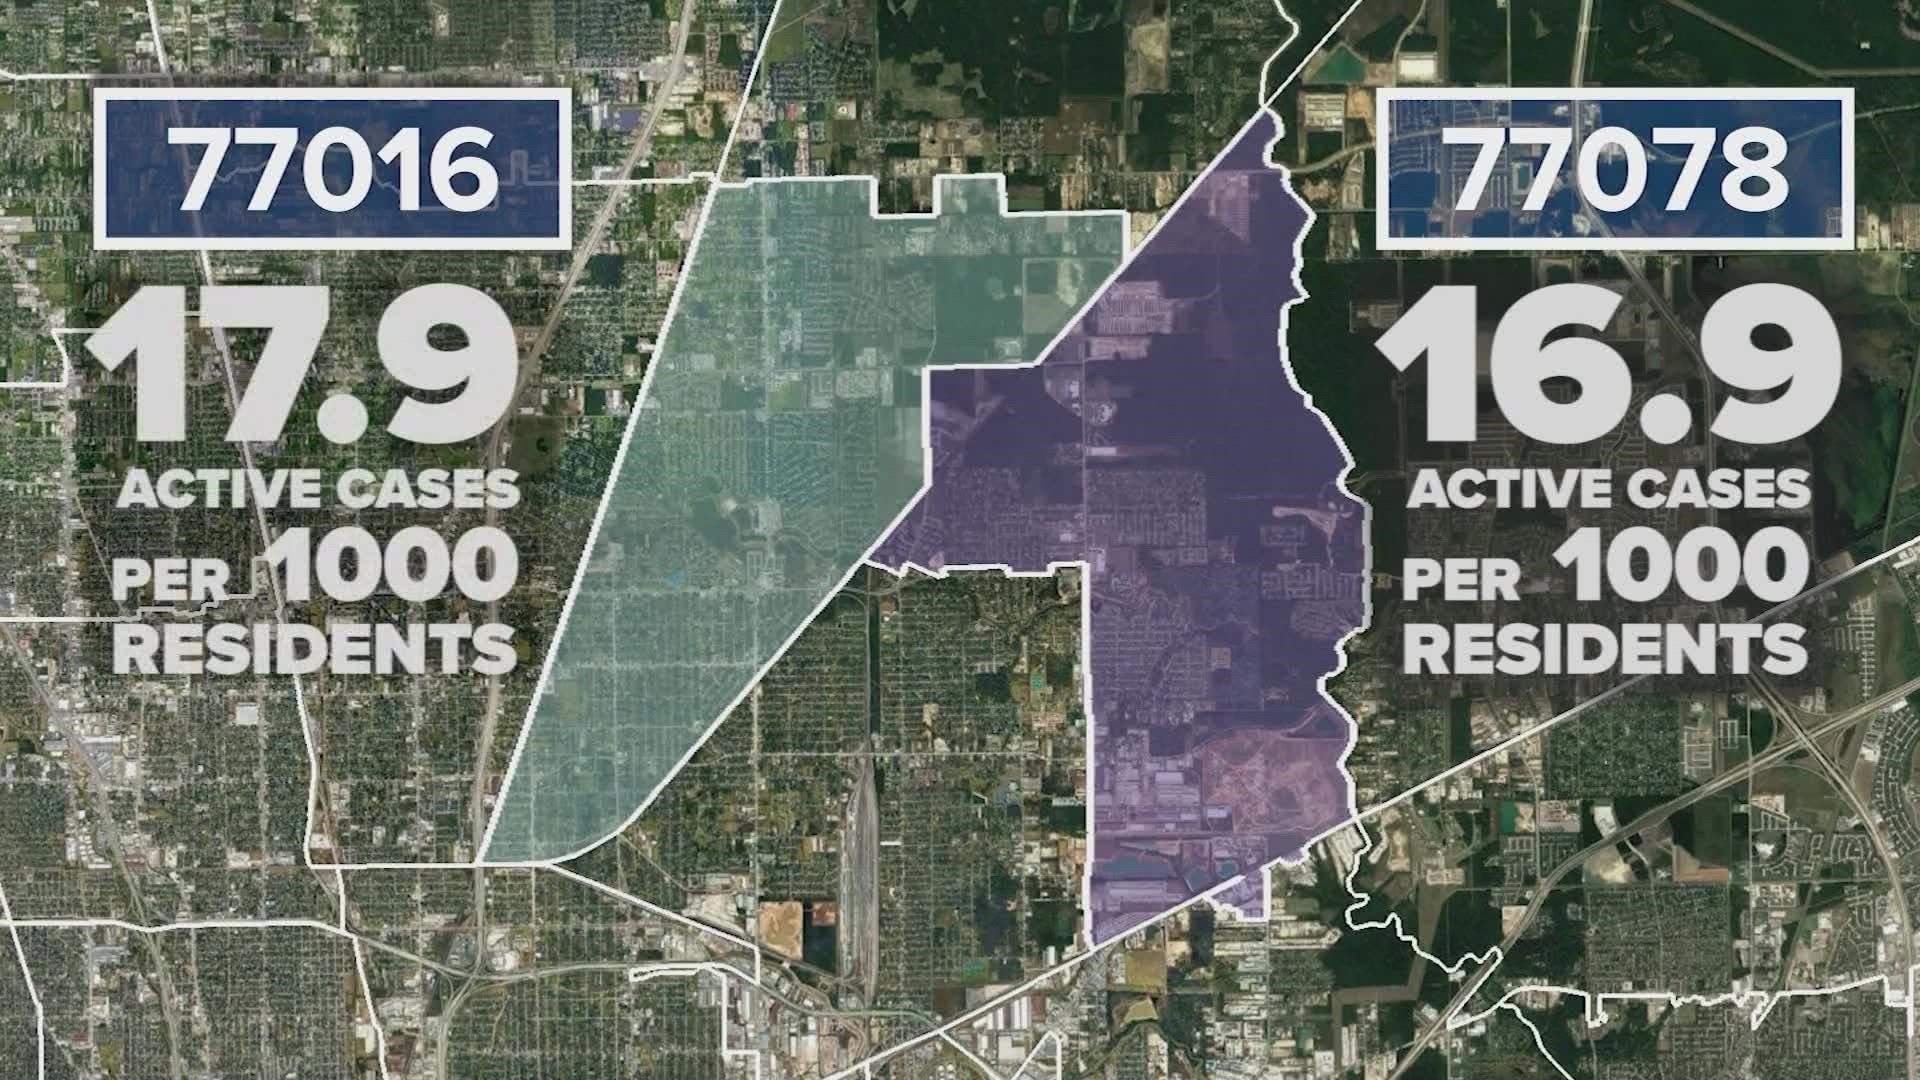 Two weeks after our first analysis, KHOU 11 crunched the data in 151 area ZIP codes. Conroe is still struggling, but now two Houston neighborhoods are, too.
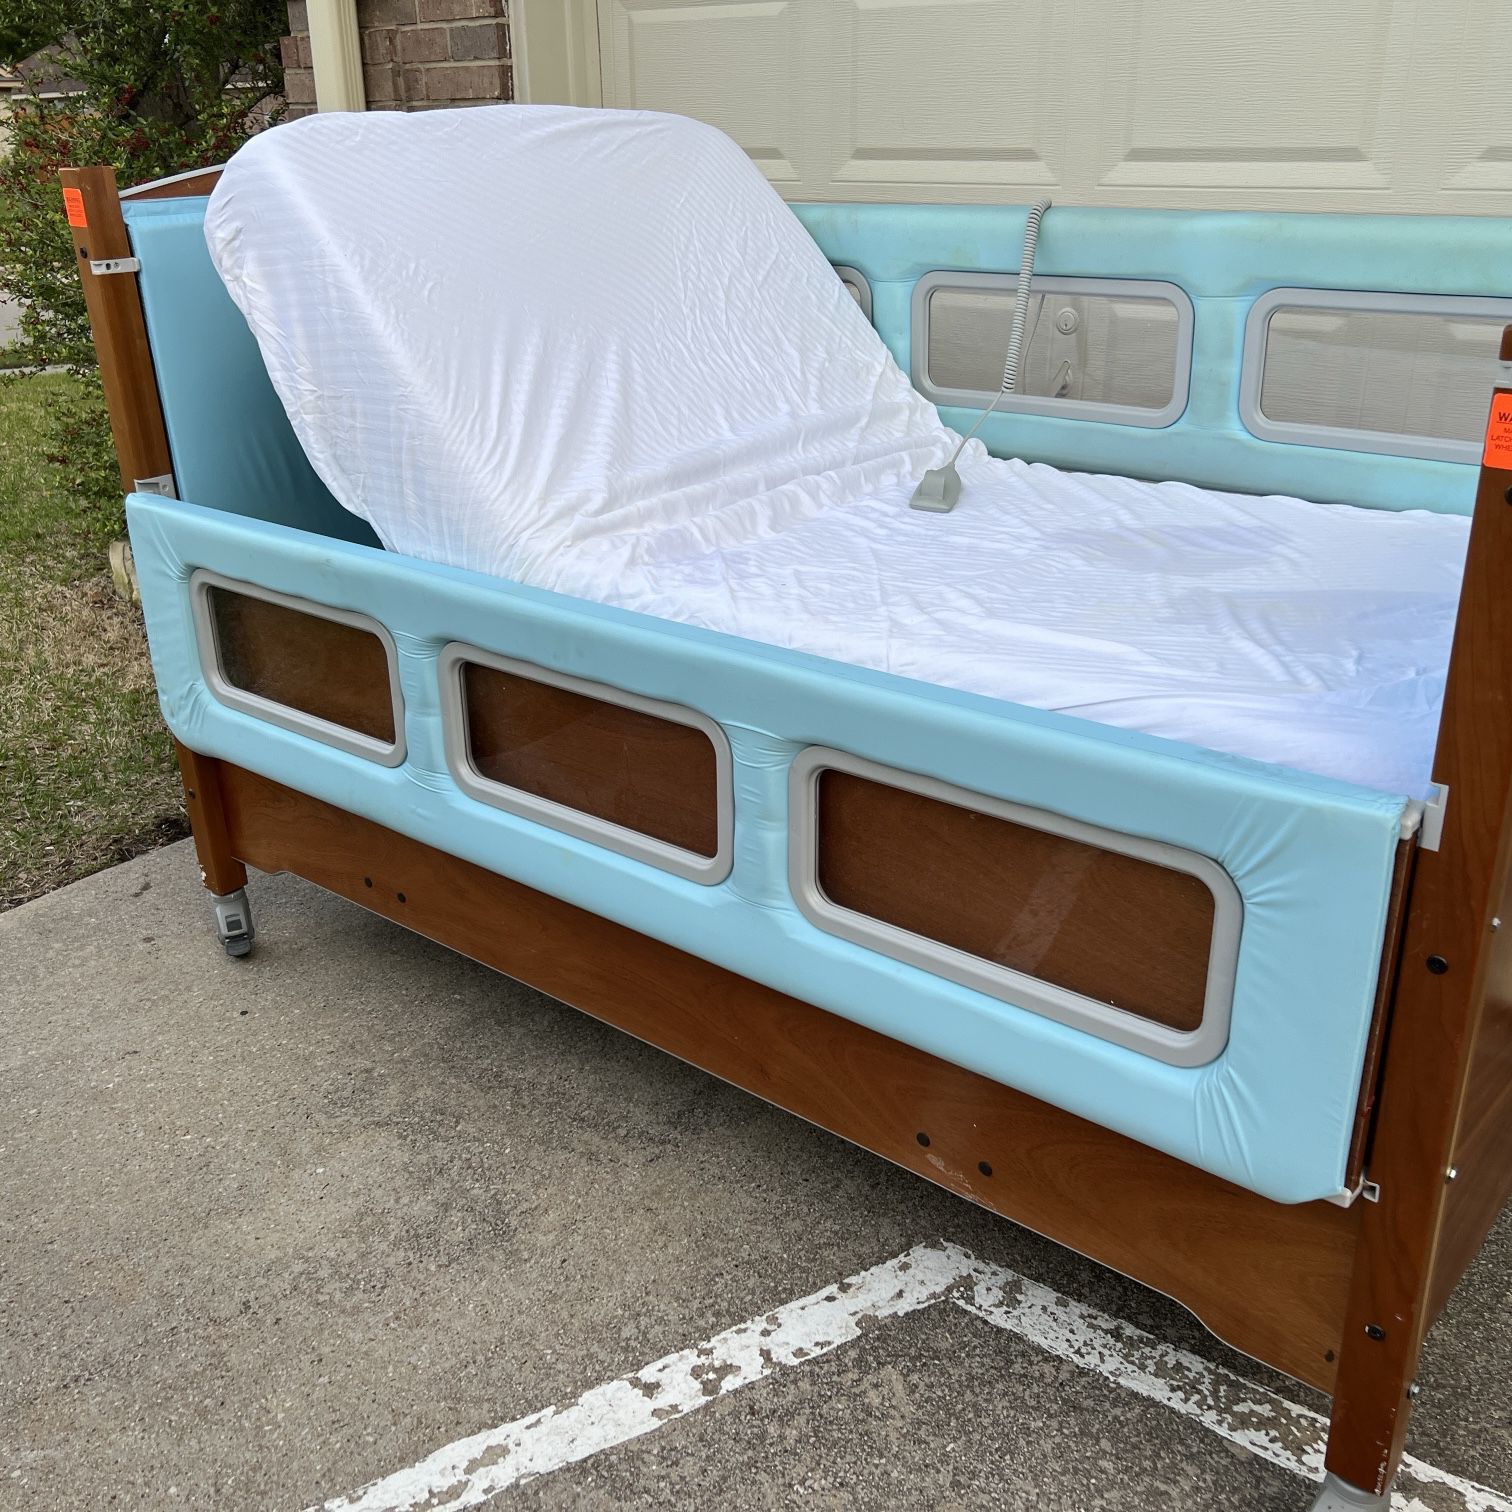 SPECIAL NEEDS ENCLOSED BED
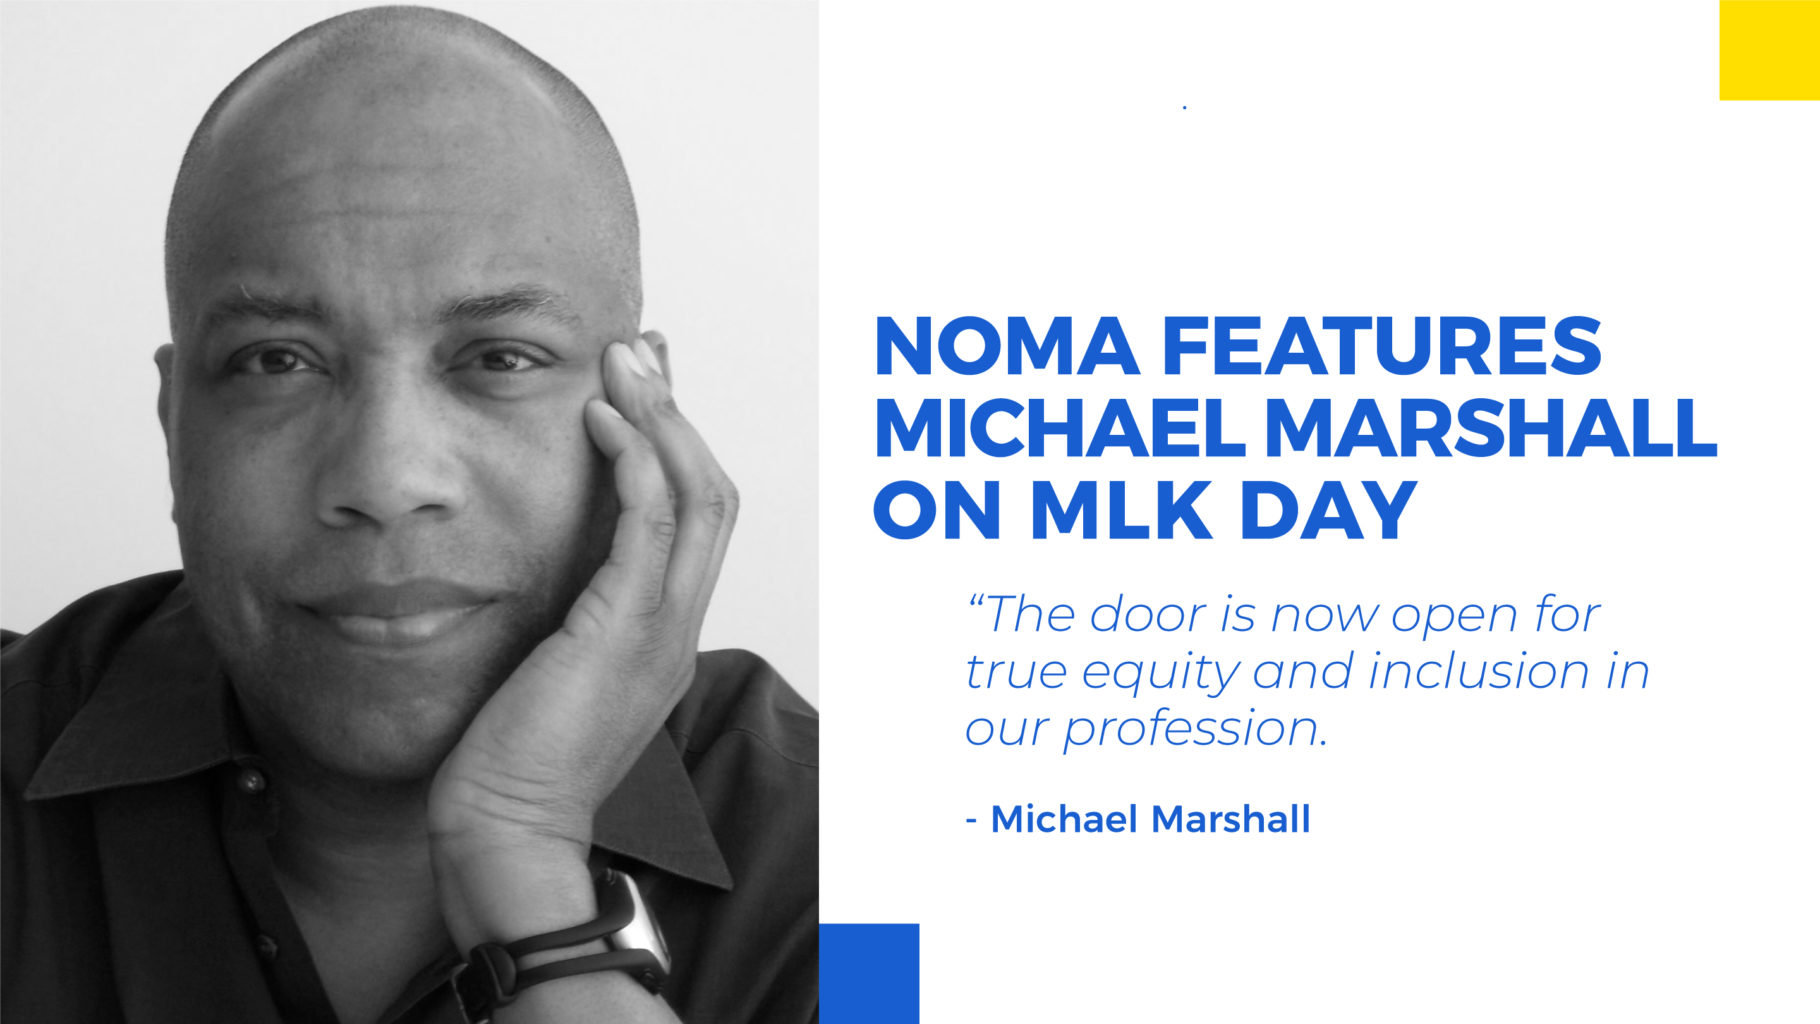 DC NOMA Features Michael Marshall On MLK Day
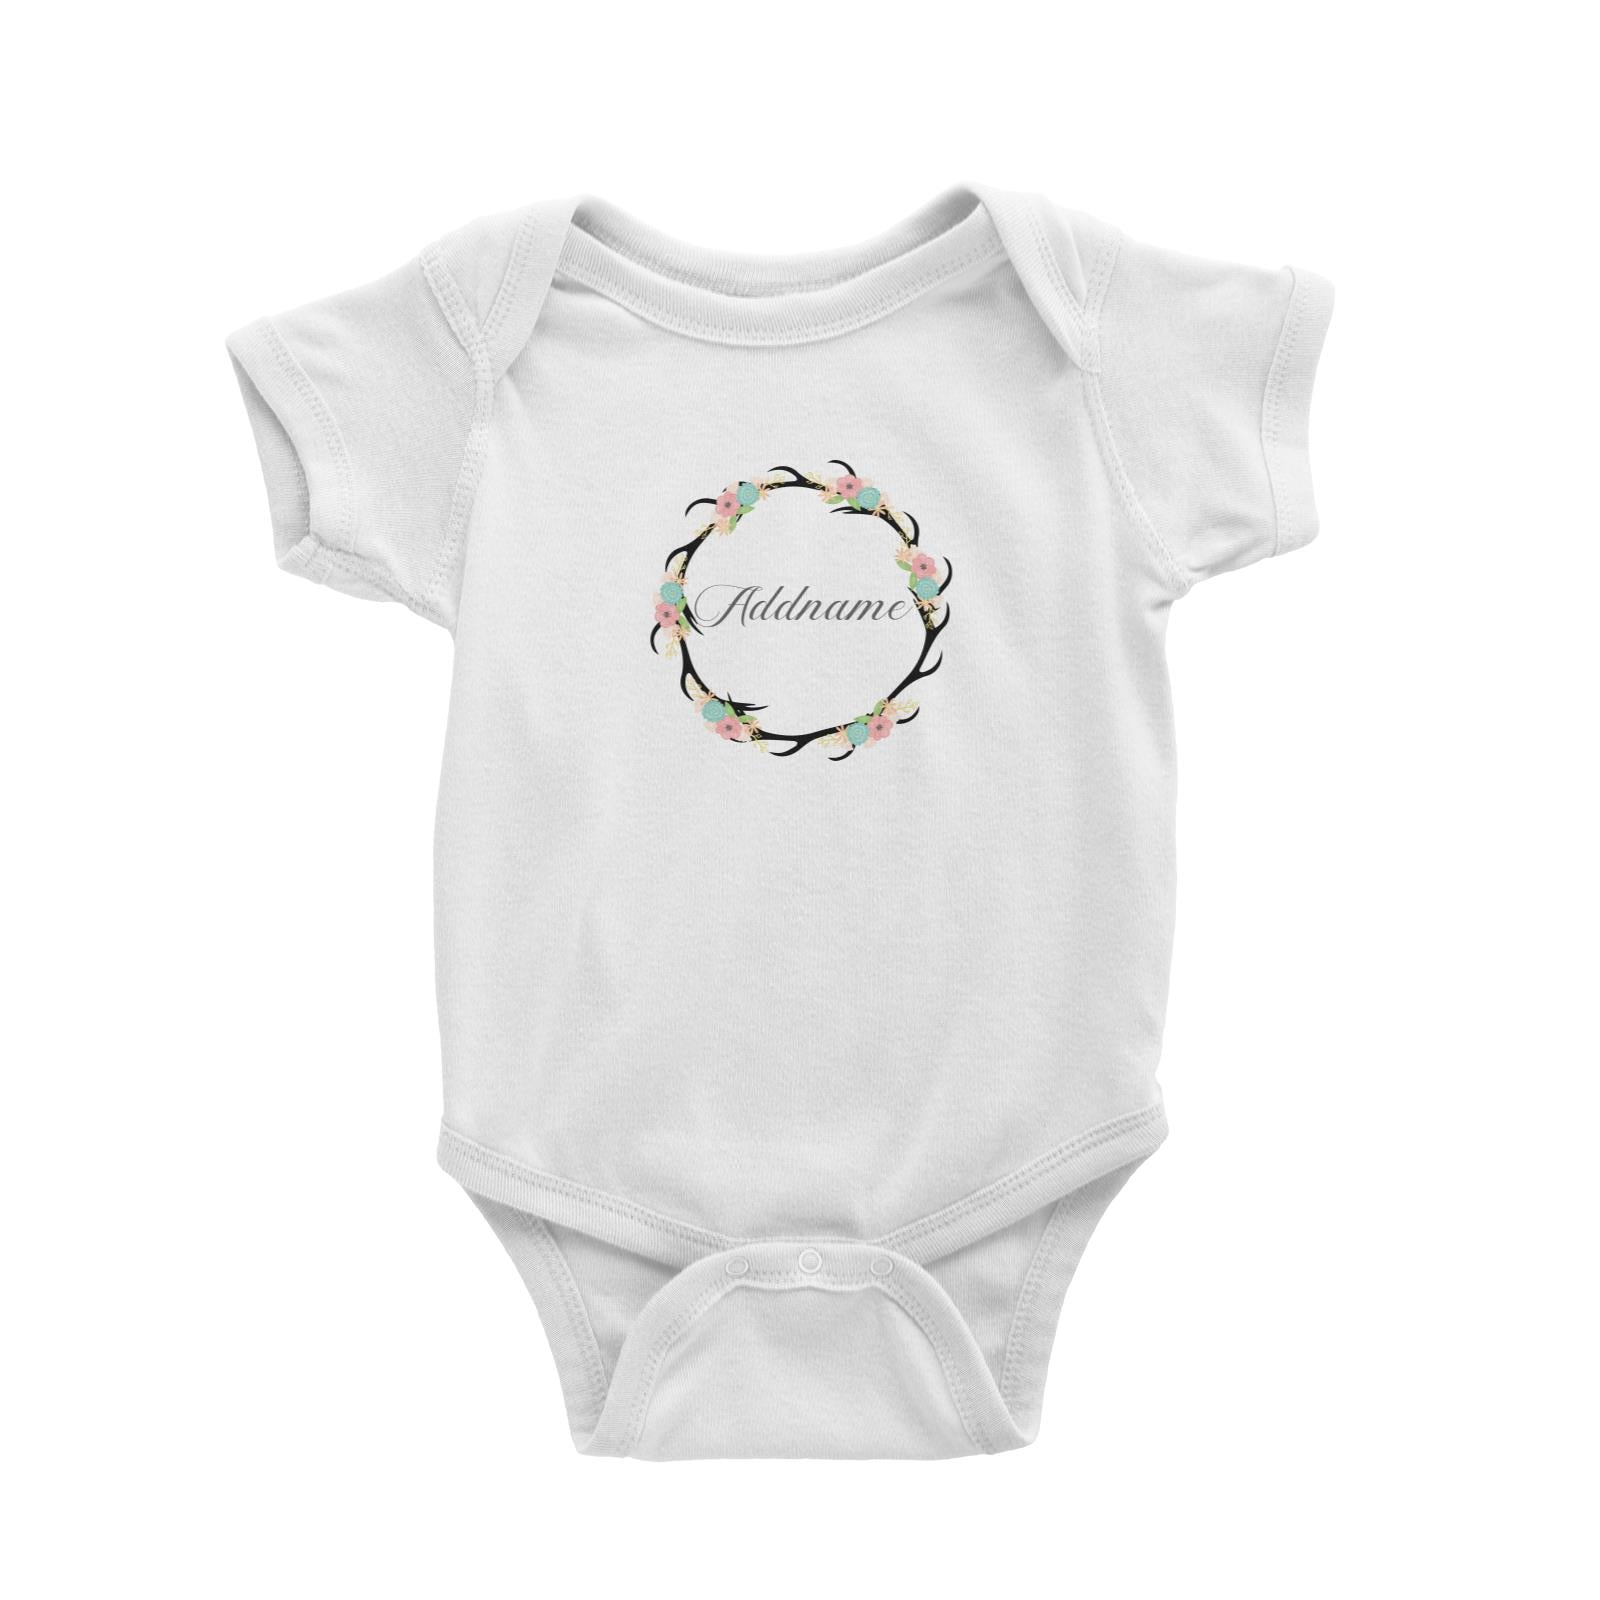 Basic Family Series Pastel Deer Flower And Antlers Wreath Addname Baby Romper
● ● ● ● ●
> **What is required**: Everything in the material above must be repeated exactly, apart from its pictures.

> **Response area**:
 Two weeks after our first analysis, KHOU 11 crunched the data in 151 area ZIP codes. Conroe is still struggling, but now two Houston neighborhoods are, too.
 SPECIAL NEEDS ENCLOSED BED
 DC NOMA Features Michael Marshall On MLK Day
 Basic Family Series Pastel Deer Flower And Antlers Wreath Addname Baby Romper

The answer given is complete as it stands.